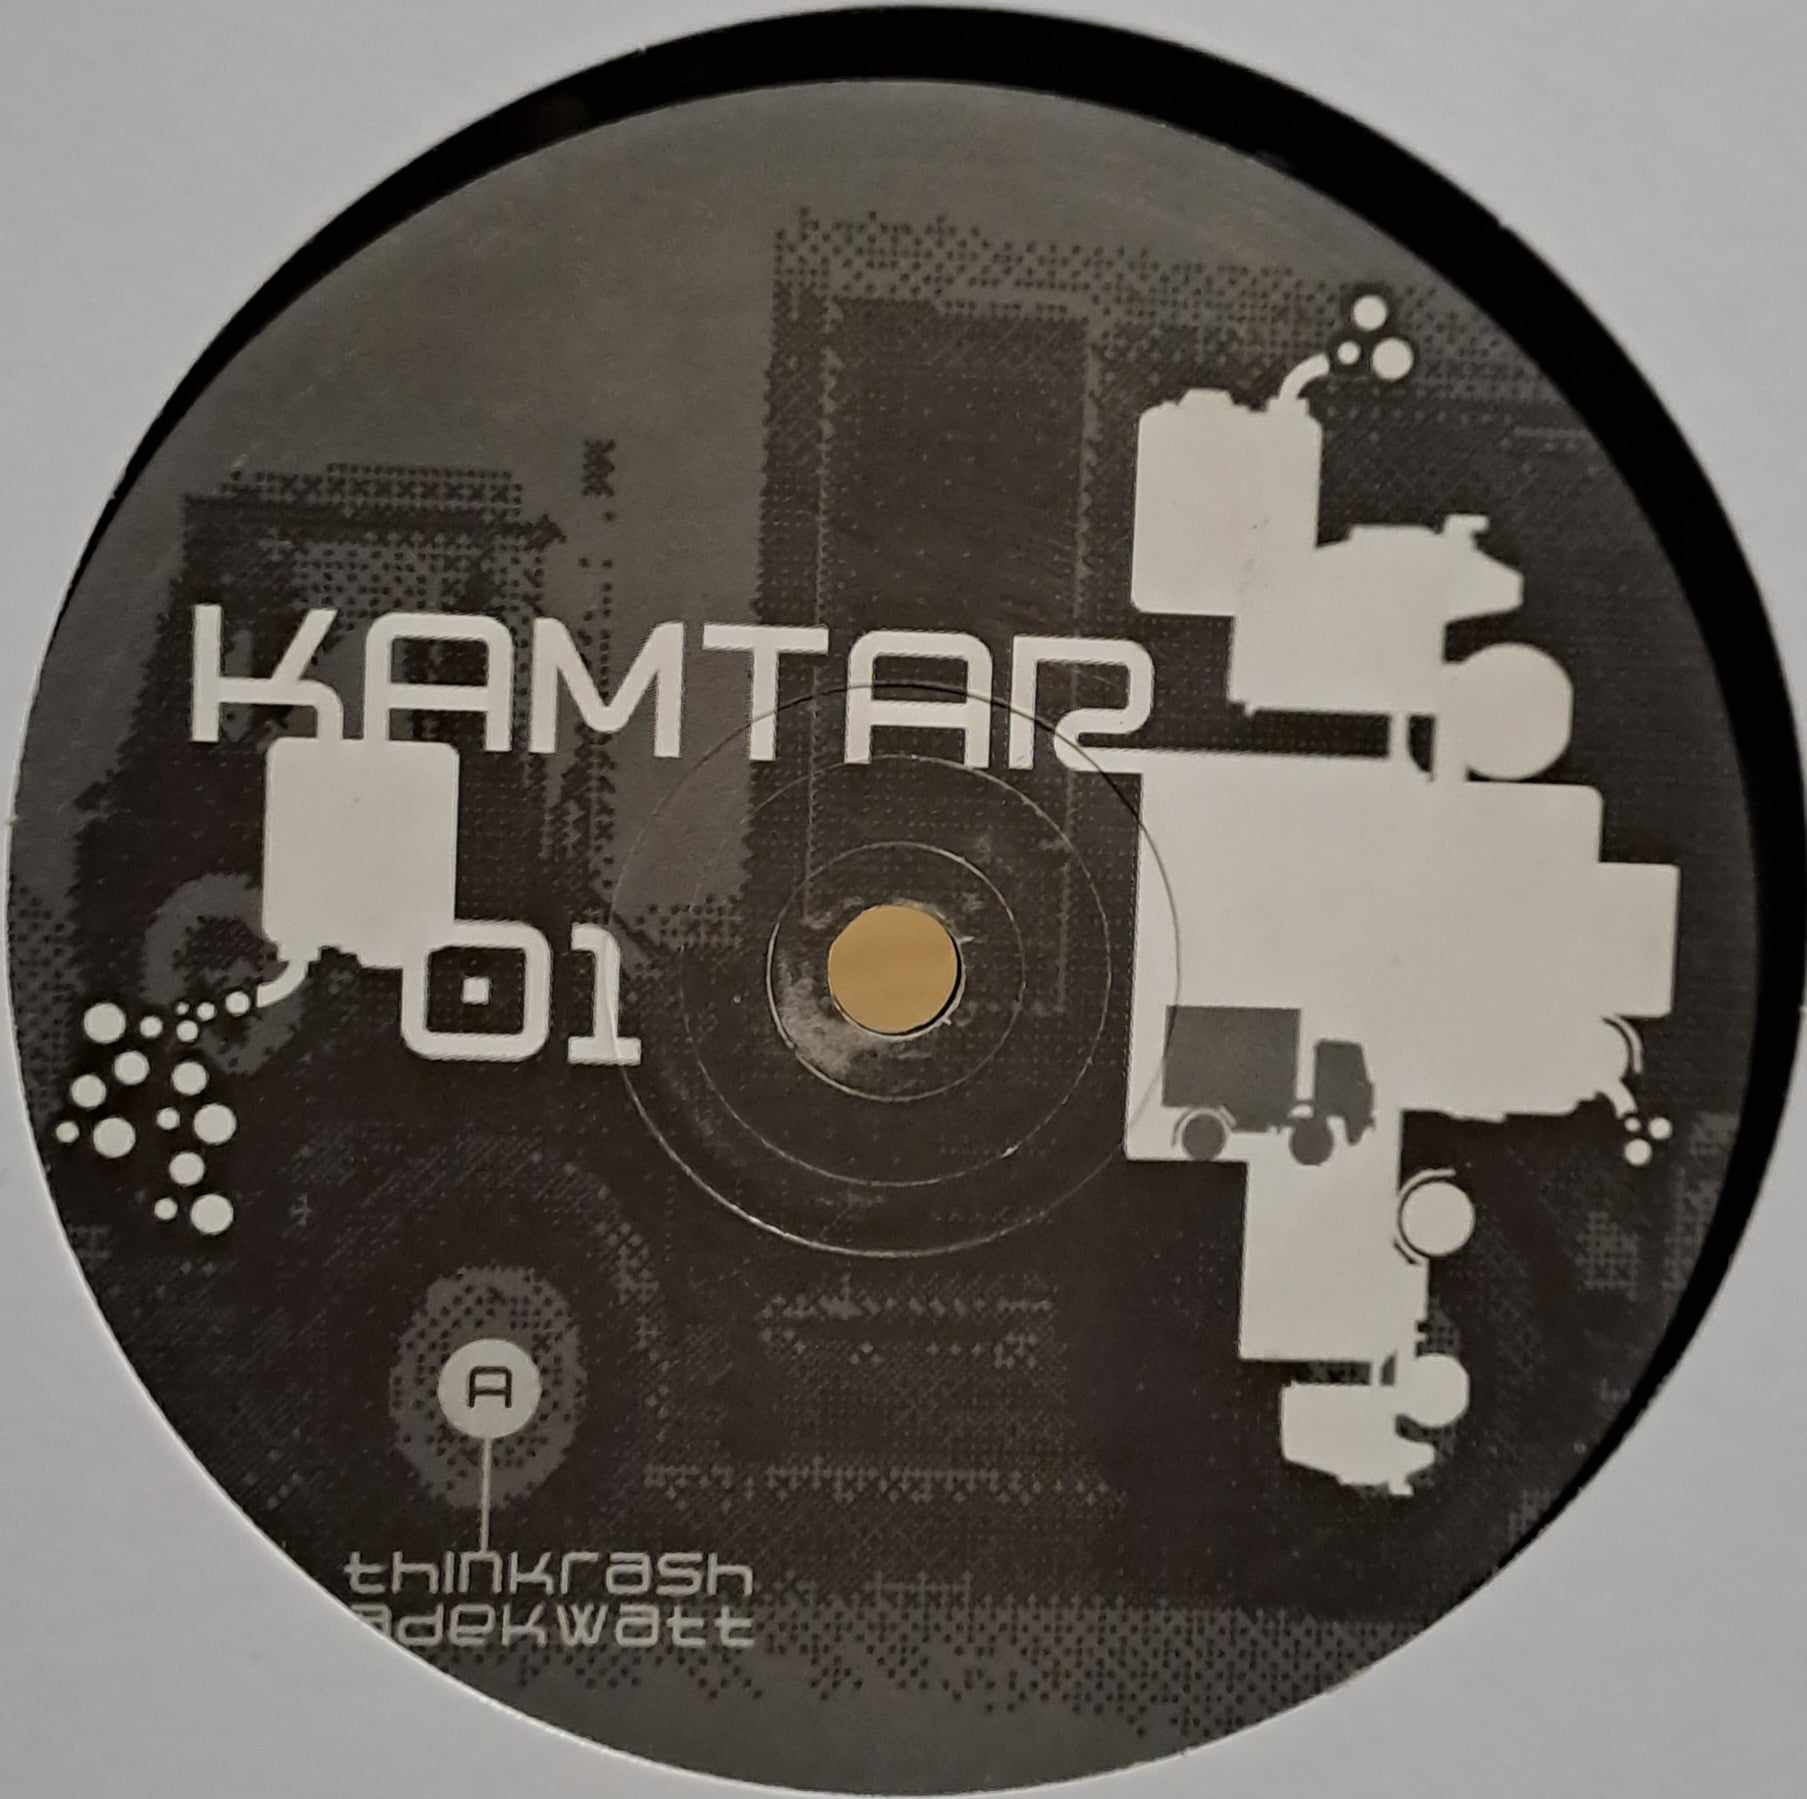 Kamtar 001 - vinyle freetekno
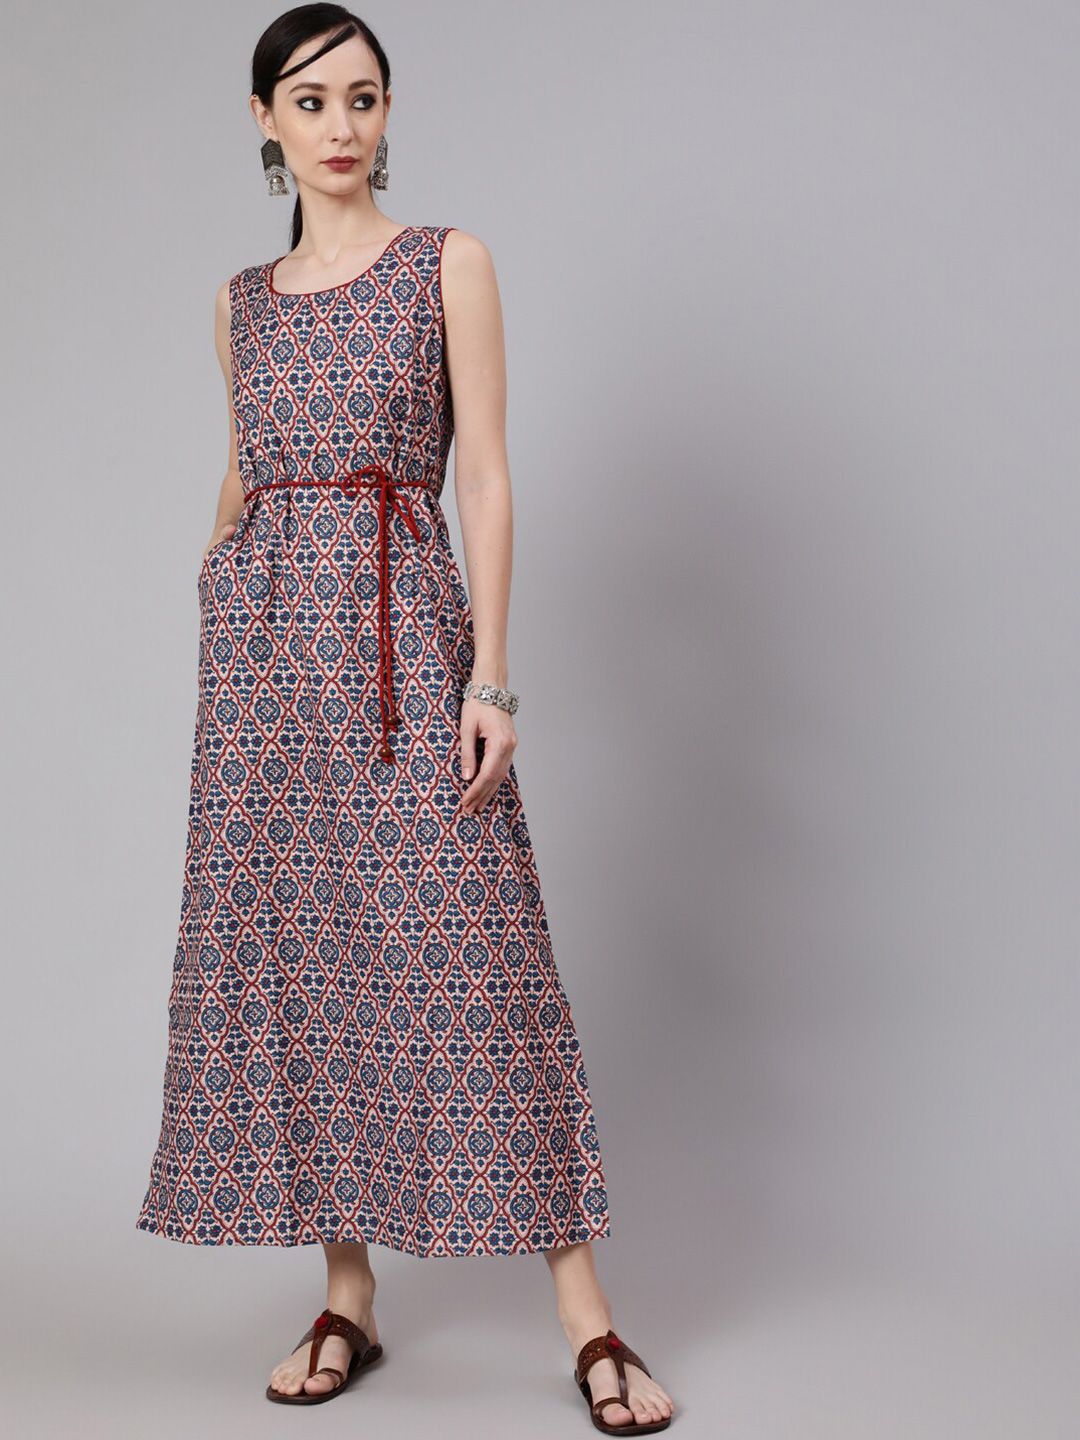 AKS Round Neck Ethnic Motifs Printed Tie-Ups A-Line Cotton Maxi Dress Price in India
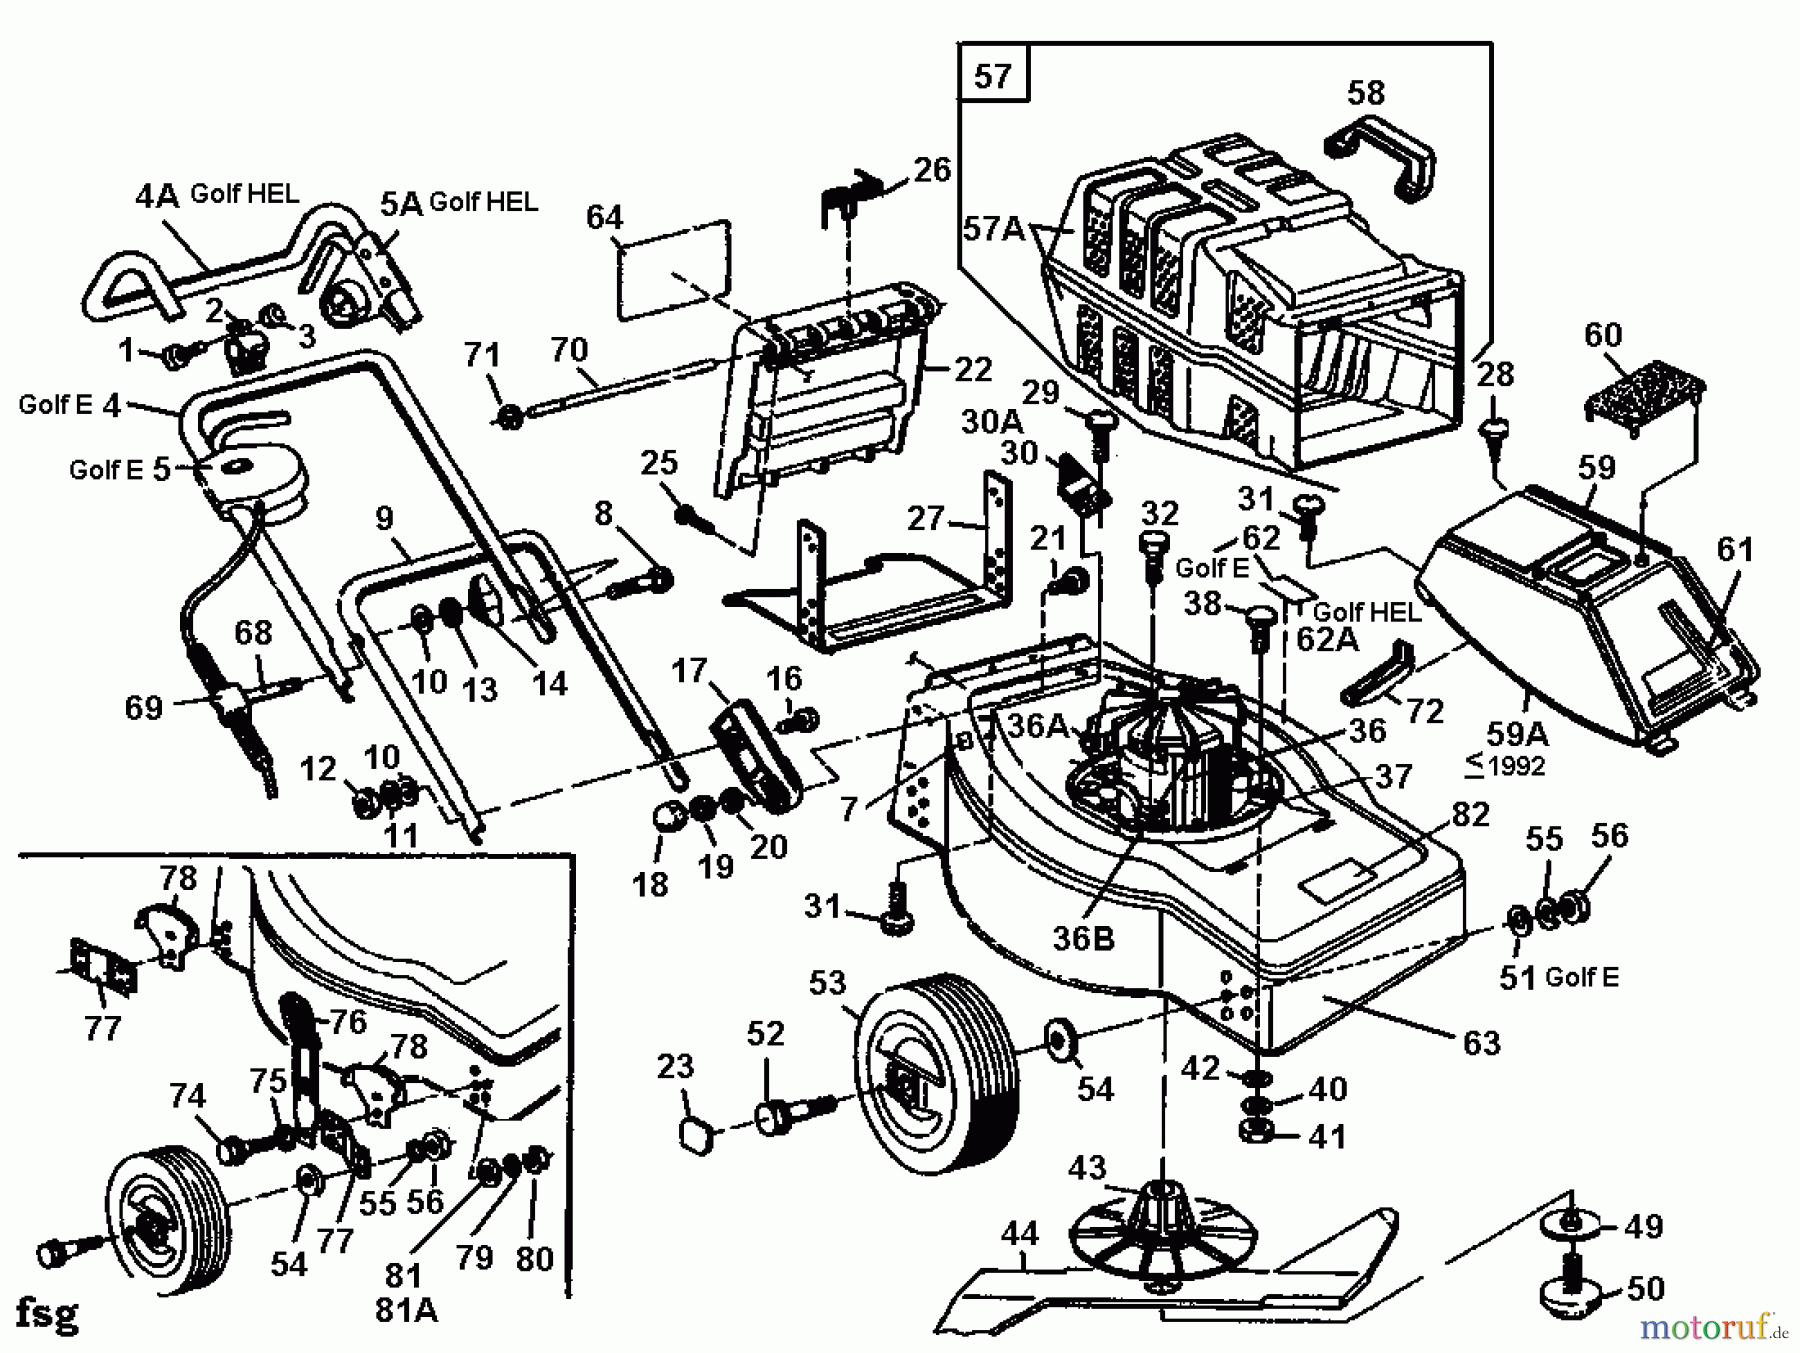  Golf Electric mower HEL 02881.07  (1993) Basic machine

▬▬▬▬▬▬

[TASK DESCRIPTION]:
Output the listing above exactly, but leave its pictures behind.

[EXERCISE RESPONSE]:
 Kamtar 001 - vinyle freetekno
 AKS Round Neck Ethnic Motifs Printed Tie-Ups A-Line Cotton Maxi Dress Price in India
  Golf Electric mower HEL 02881.07  (1993) Basic machine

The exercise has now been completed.